Stock photo and video provider Getty Images sued Stability AI, an AI company that creates images from text descriptions, in January, accusing the company of using copyrighted photos to train its system. rice field.

Then, in June, Los Angeles law firm Clarkson filed a 151-page class action lawsuit against OpenAI and Microsoft, explaining how OpenAI collected data from minors, and web scraping.
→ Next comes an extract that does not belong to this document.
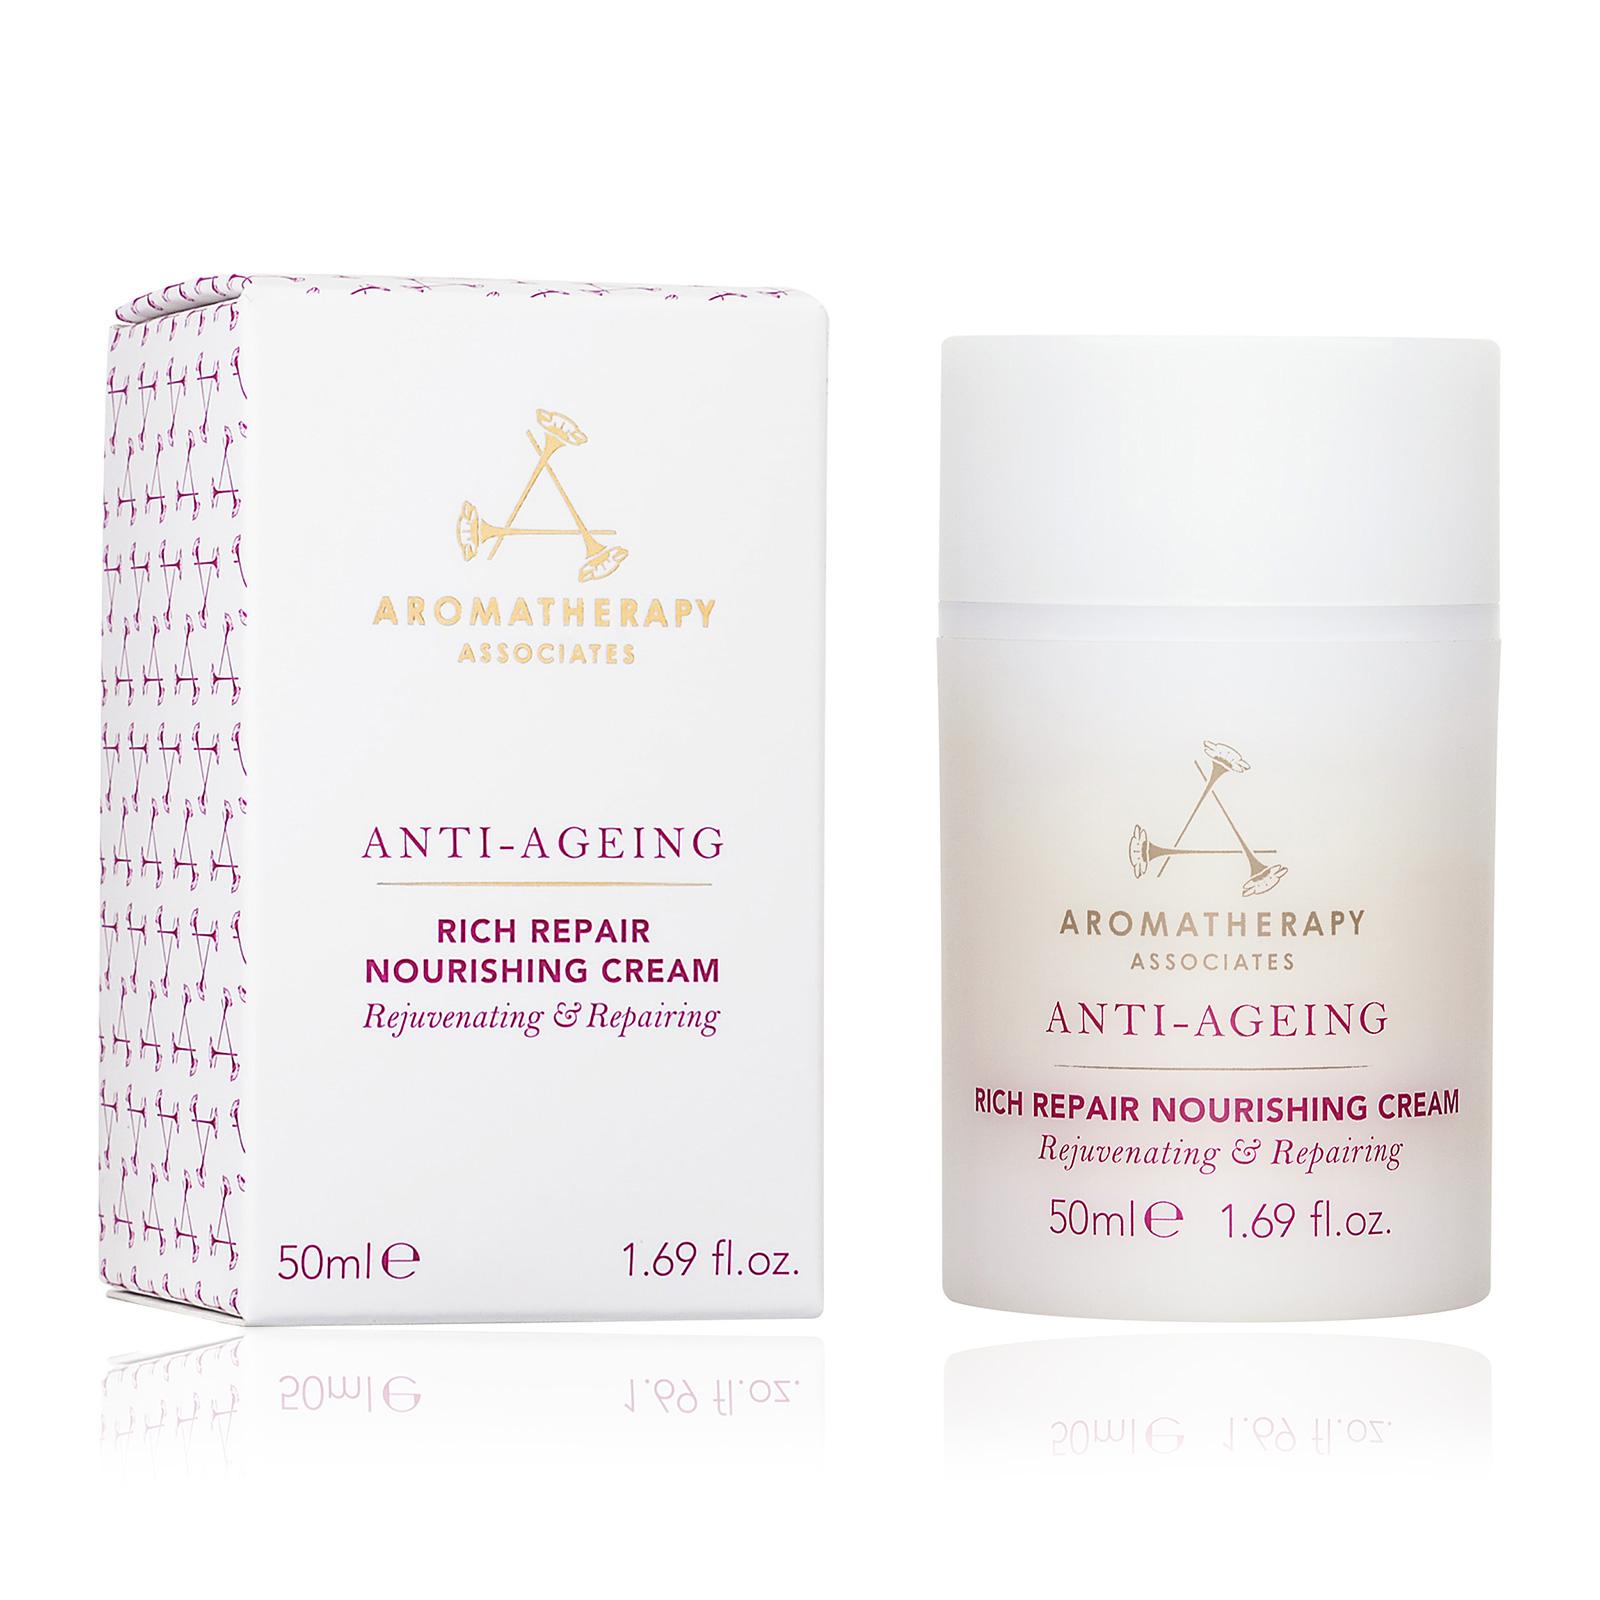 Anti-Ageing Rich Repair Nourishing Cream

He claimed that he violated the copyright law and was “theft”. The company filed a similar lawsuit against Google on Tuesday.

“The data rebellion we are seeing across the country is how society rebels against the idea that big tech companies have the right to take any information from any source and make it their own.” said Ryan Clarkson. Founder of Clarkson.

Santa Clara University Law School professor Eric Goldman said the lawsuit’s allegations are broad and unlikely to be accepted in court. But the wave of lawsuits is just beginning, he said, with “second and third waves” coming to define the future of AI.

Big companies are also pushing back against AI scrapers. Reddit announced in April that it wanted to charge access to its application programming interface (API), a way for third parties to download and analyze the social network’s vast database of conversations between individuals.

Reddit CEO Steve Huffman said at the time that the company “doesn’t have to give all of its value to the world’s biggest companies for free.”

That same month, Stack Overflow, a question-and-answer site for computer programmers, also announced it would require AI companies to pay for its data. The site has approximately 60 million questions and answers.The move was previously reported By Wired.

News outlets are also resisting AI systems. In an internal memo on the use of generative AI in June, The Times said AI companies should “respect intellectual property.” A Times spokeswoman declined to provide details.

For individual artists and writers, fighting AI systems means rethinking where they publish.

Nicholas Cole, a 35-year-old illustrator from Vancouver, British Columbia, was concerned about how his unique art style could be replicated by an AI system, and wondered if technology was scraping his work. I doubted it. He intends to continue posting his work on Instagram, Twitter, and other social media sites to attract clients, but he will continue to do so, such as ArtStation, which posts artificial intelligence-generated content alongside human-generated content. Stopped posting on the site.

“It feels like a needless theft from me and other artists,” Cole said. “It puts an existential horror hole in my stomach.”

At the Archive of Our Own, a fanfiction database of more than 11 million stories, authors are increasing pressure on the site to ban data scraping and AI-generated stories.

In May, dozens of writers rose up in arms when some Twitter accounts shared examples of ChatGPT that mimicked the style of popular fanfiction posted on the Archive of Our Own. They blocked their stories and wrote subversive content to mislead AI scrapers. They also pressured the leader of the Archive of Our Own to stop allowing AI-generated content.

Betsy Rosenblatt, who provides legal advice to The Archives of Our Own and is a professor of law at the University of Tulsa, said the site has a policy of “maximum inclusiveness” and that no articles are written. He said he didn’t want to be in a position to identify who was killed. with AI

For fan-fiction writer Lofstadt, his battle with AI came about while writing a story about Horizon Zero Dawn, a video game in which humans battle AI-powered robots in a post-apocalyptic world. In games, she said, there were good robots and bad robots.

But in the real world, she says, “they’re twisted into doing bad things, thanks to hubris and corporate greed.”